### INPUT DATA
▬▬▬▬▬▬

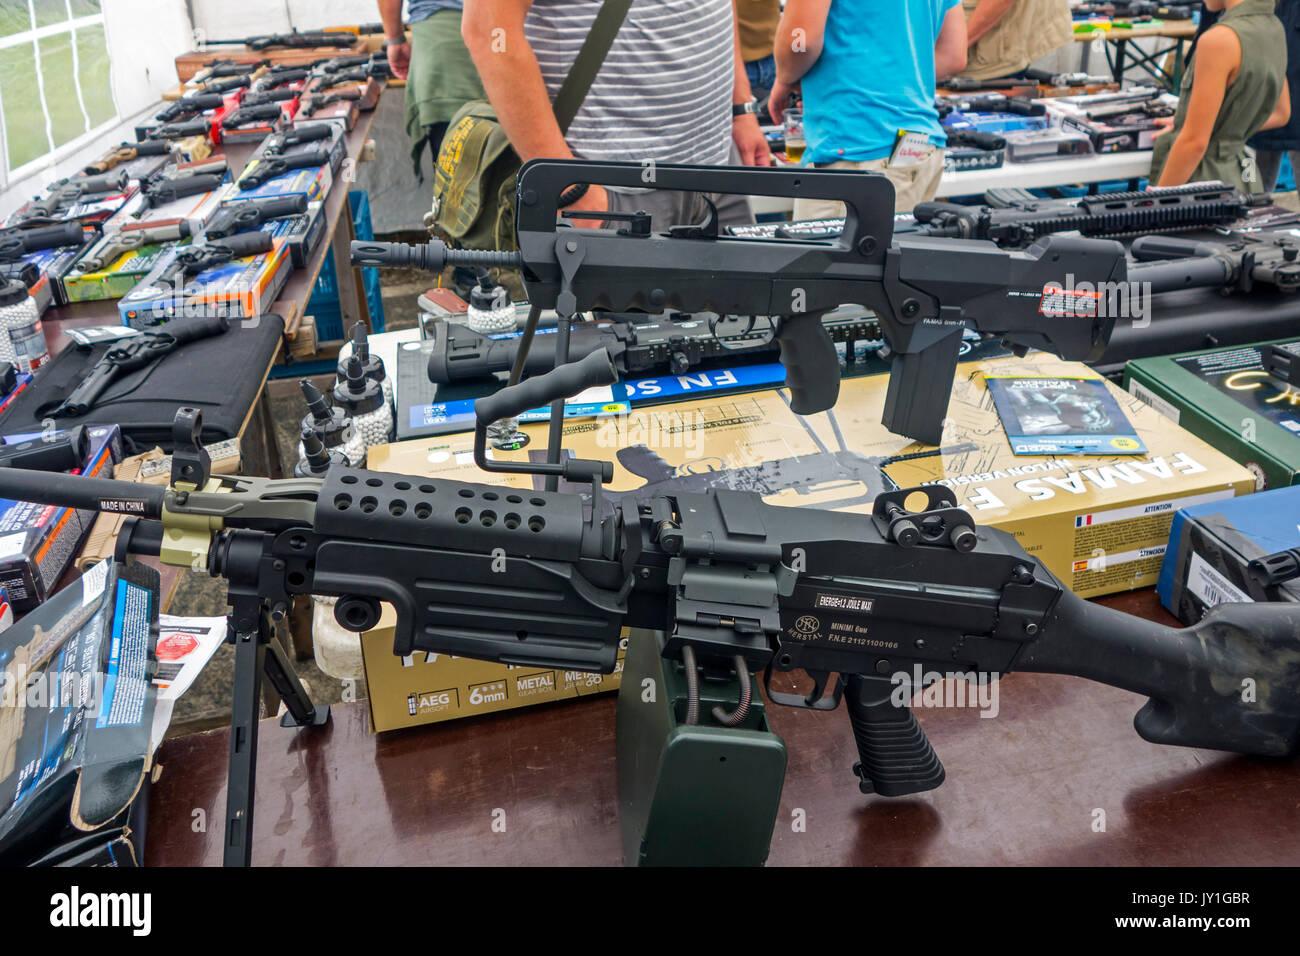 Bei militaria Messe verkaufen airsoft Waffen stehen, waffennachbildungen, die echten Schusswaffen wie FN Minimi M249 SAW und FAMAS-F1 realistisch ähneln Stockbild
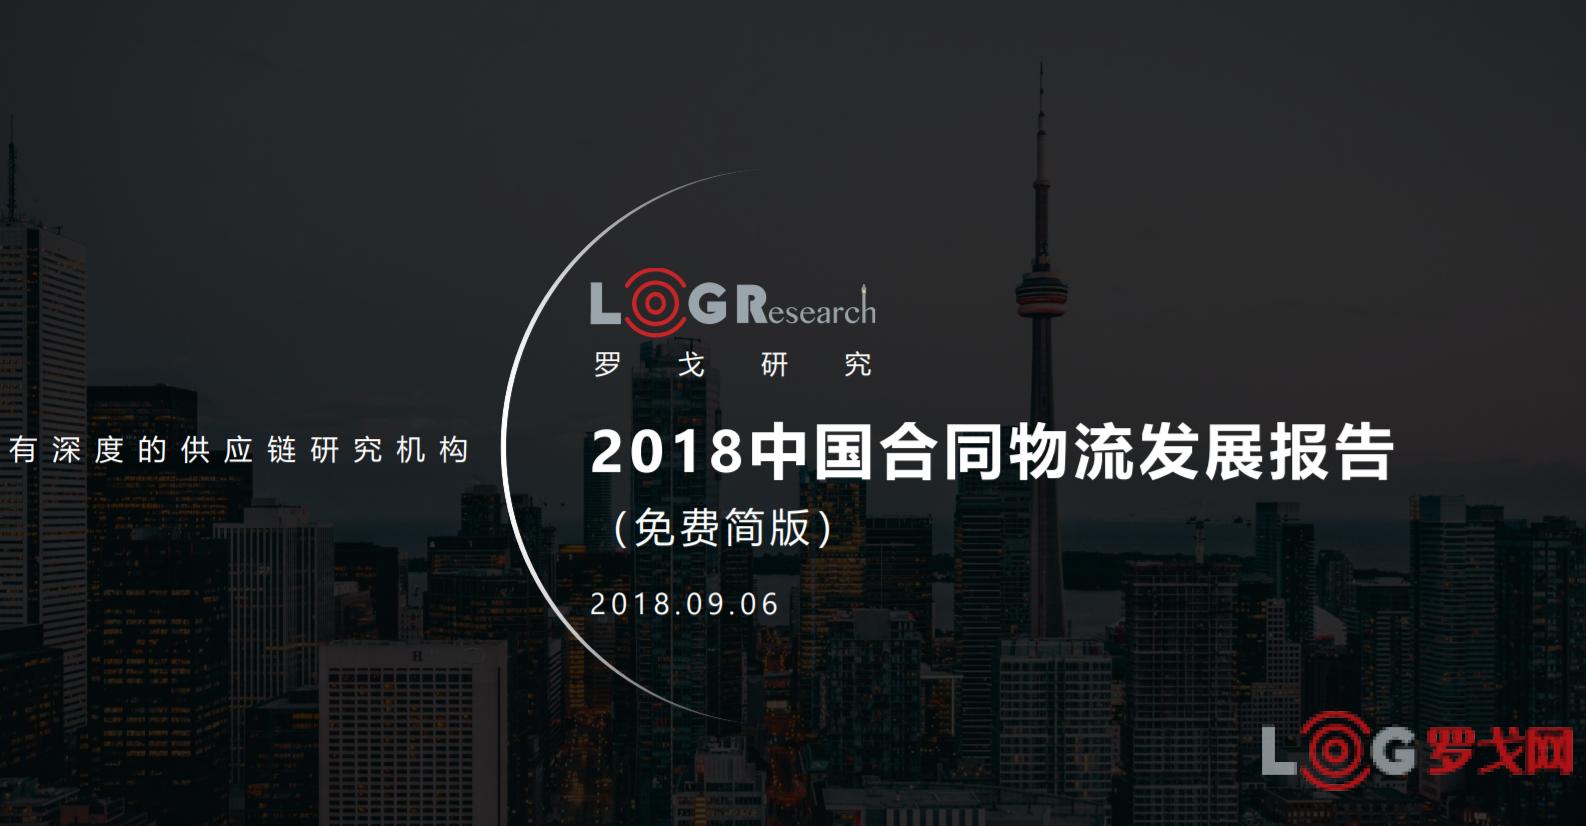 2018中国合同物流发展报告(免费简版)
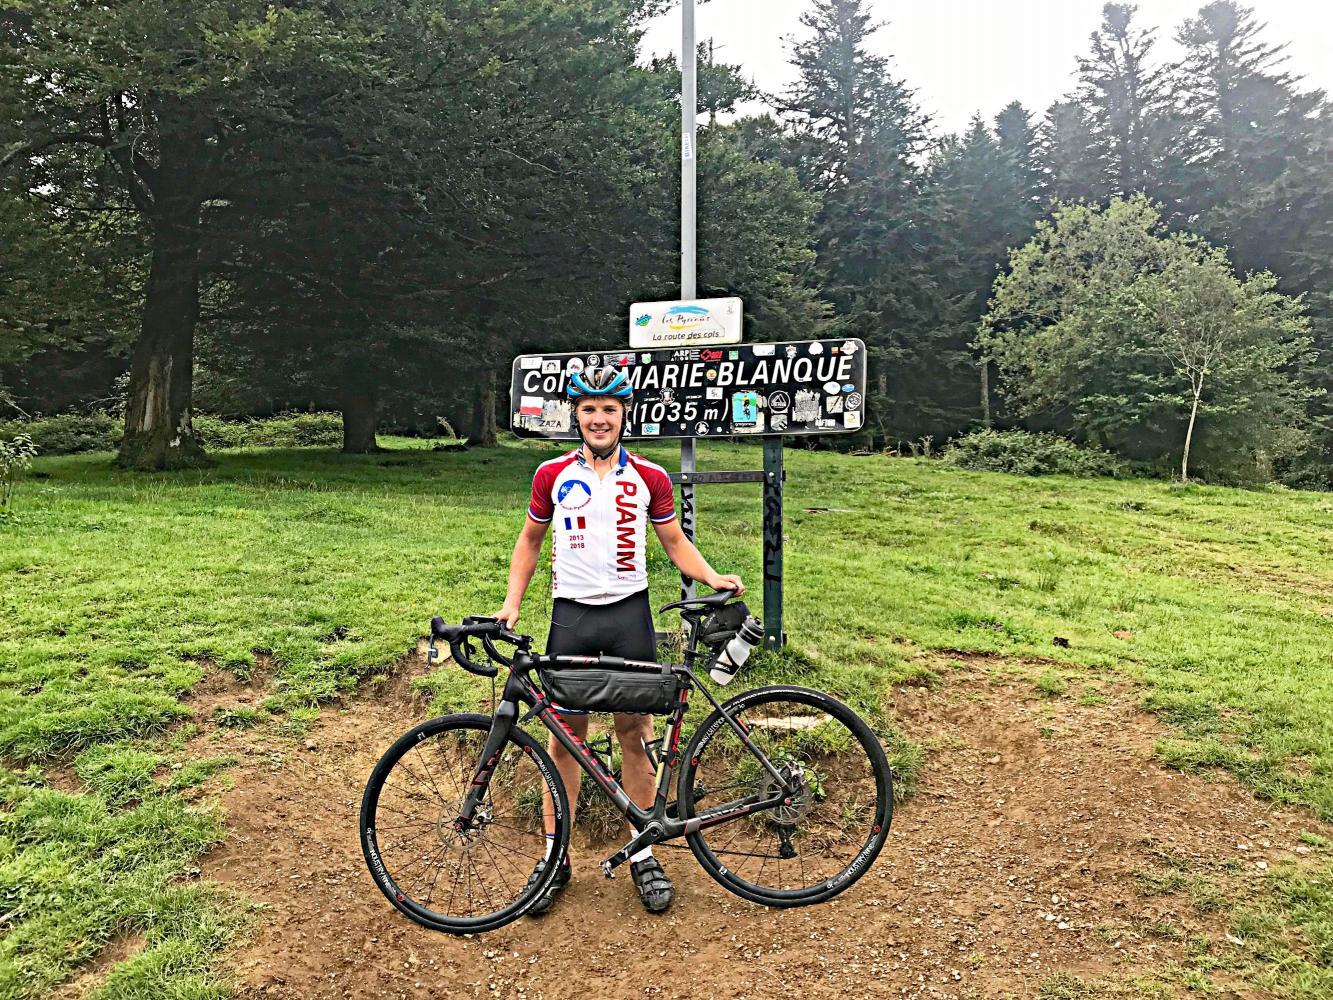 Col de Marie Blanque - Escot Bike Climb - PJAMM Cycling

▬▬▬▬▬▬

### TASK TO CARRY OUT
Leave out the pictures; repeat the data exactly.

### RESPONSE BELOW
 Bei militaria Messe verkaufen airsoft Waffen stehen, waffennachbildungen, die echten Schusswaffen wie FN Minimi M249 SAW und FAMAS-F1 realistisch ähneln Stockbild
 2018中国合同物流发展报告(免费简版)
 Col de Marie Blanque - Escot Bike Climb - PJAMM Cycling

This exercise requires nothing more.